Deliveries of the vaccine are expected to begin this weekend, with shots beginning across the EU between Dec. 27 and Dec. 29, the Associated Press reported.
"As we have promised, this vaccine will be available for all EU countries at the same time, on the same conditions," said European Commission President Ursula von der Leyen. "This is a very good way to end this difficult year, and to finally start turning the page on COVID-19."
The vaccine is already being given to high-risk people in the United States and Britain, the AP reported.
NBA Should be Able to Complete New Season: Commissioner
NBA Commissioner Adam Silver is confident the league can complete its planned 72-game regular season despite the surging coronavirus pandemic.
The league begins play on Tuesday with special health and safety protocols in place, but Silver did say he expects some problems, the Associated Press reported.
"I think we are prepared for isolated cases; in fact, based on what we've seen in the preseason, based on watching other leagues operating outside a bubble, unfortunately, it seems somewhat inevitable," Silver said Monday. "We're prepared for all contingencies."
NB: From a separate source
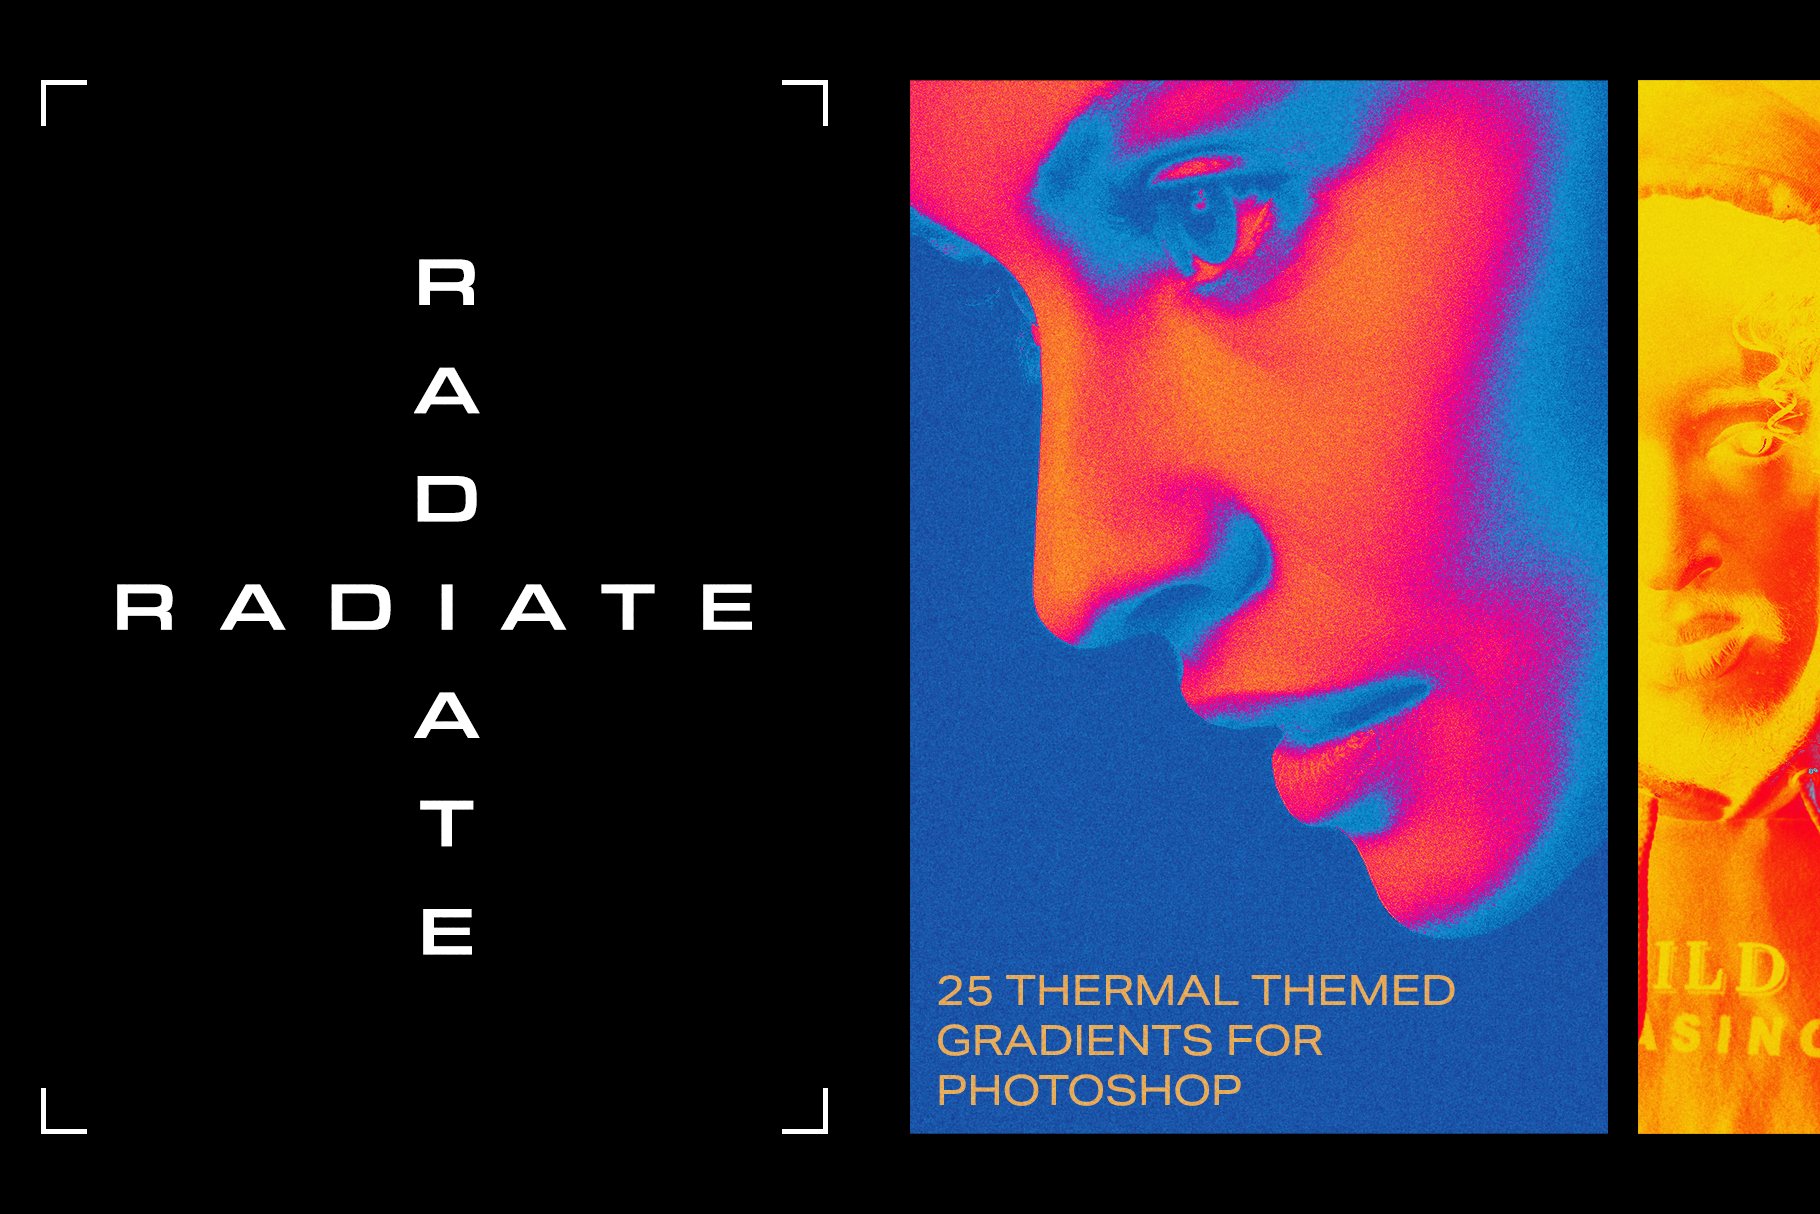 Radiate Photoshop Gradientscover image.
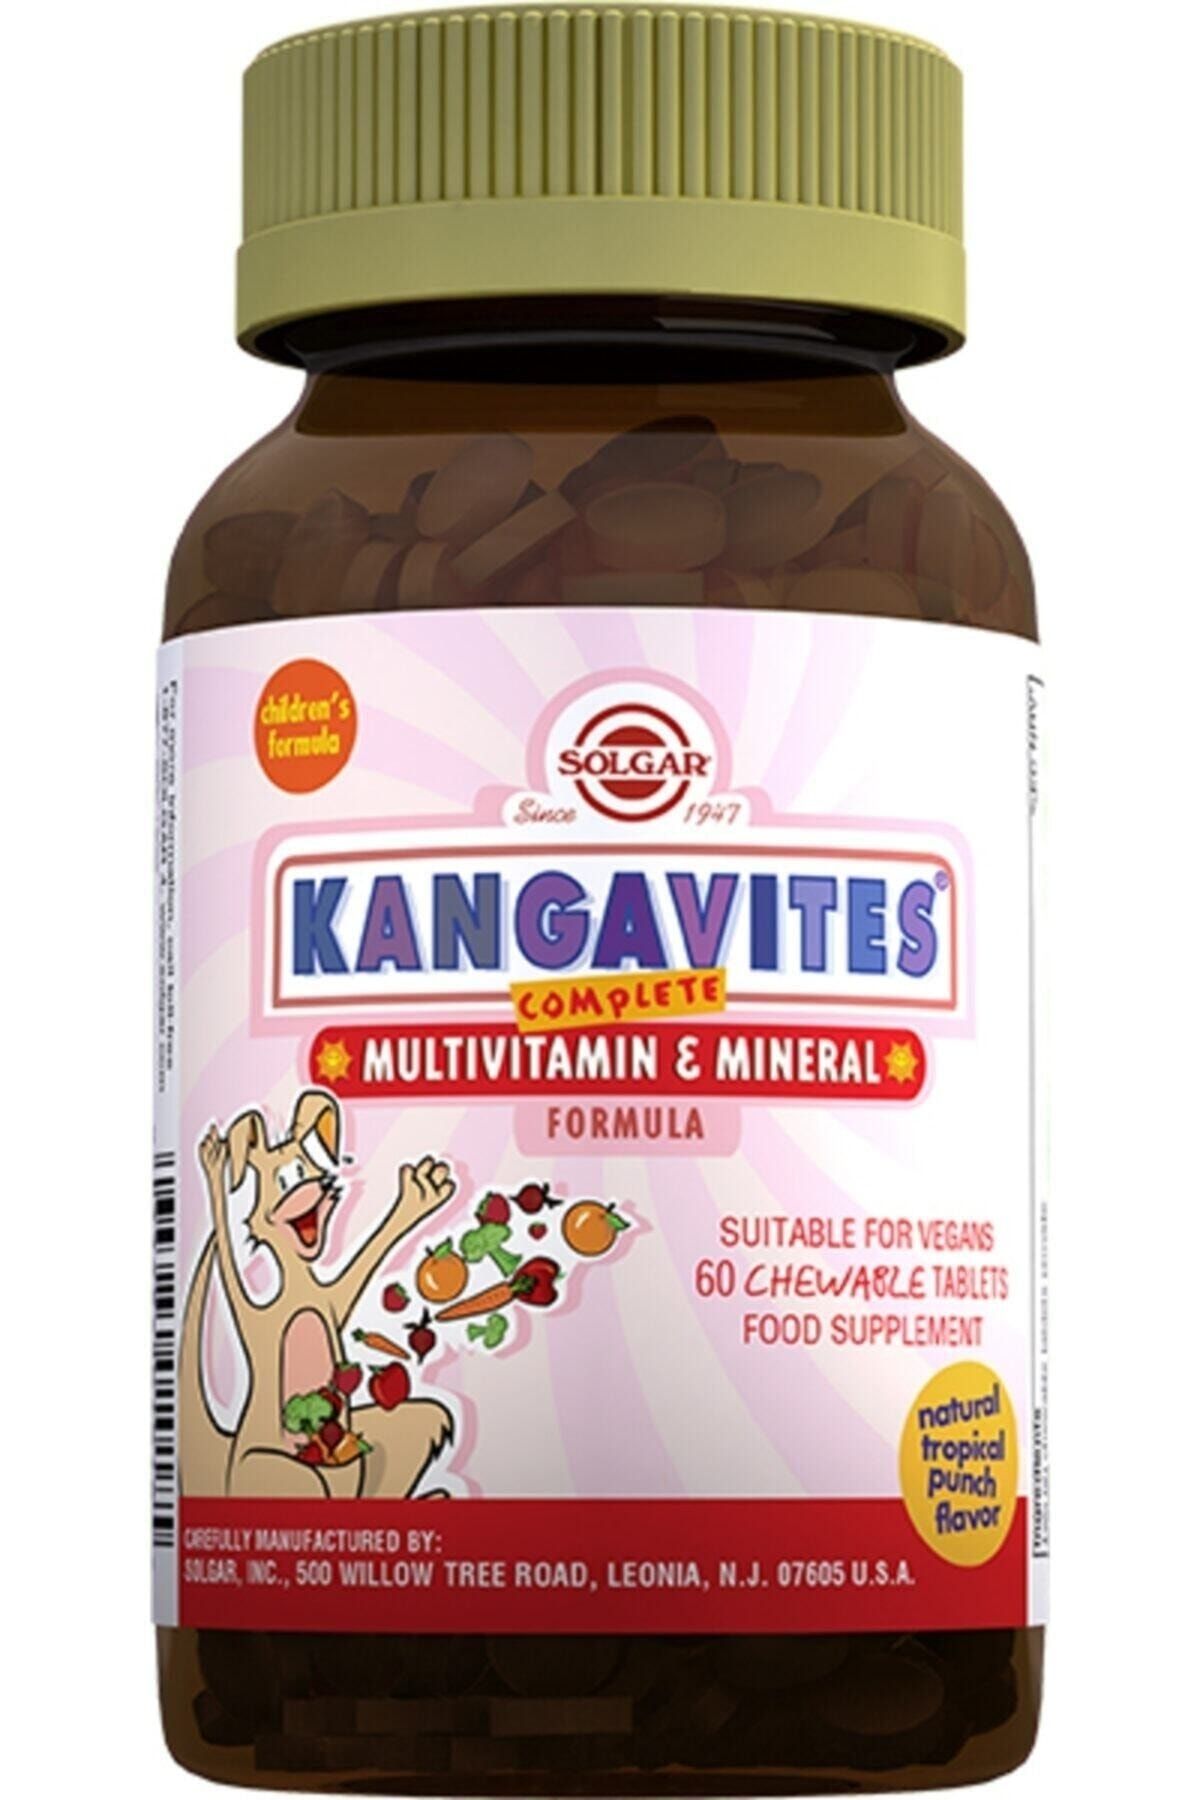 Solgar Kangavites Multivitamin & Mineral 60 Tablet - Alliavital.com0554

It's possible that games could be postponed or canceled, and if there are issues that can't be controlled by the health and safety protocols, the season could be suspended, Silver told the AP.
Care Rationing Being Considered by California Hospitals
Plans for rationing lifesaving care are being considered by some hospitals in California as the state struggles with overwhelming numbers of COVID-19 patients.
California has more than twice as many hospitalized COVID-19 patients as it did at its previous peak in July, and models suggest there could be 75,000 patients by mid-January, the Associated Press reported.
In an attempt to deal with the deluge, hospitals are creating makeshift extra beds for COVID-19 patients, and four Los Angeles hospitals are considering what to do if faced with a shortage of beds or staff.
No plans for rationing care are in place, but could be needed because "the worst is yet to come," said Los Angeles County's health services director Dr. Christina Ghaly, the AP reported.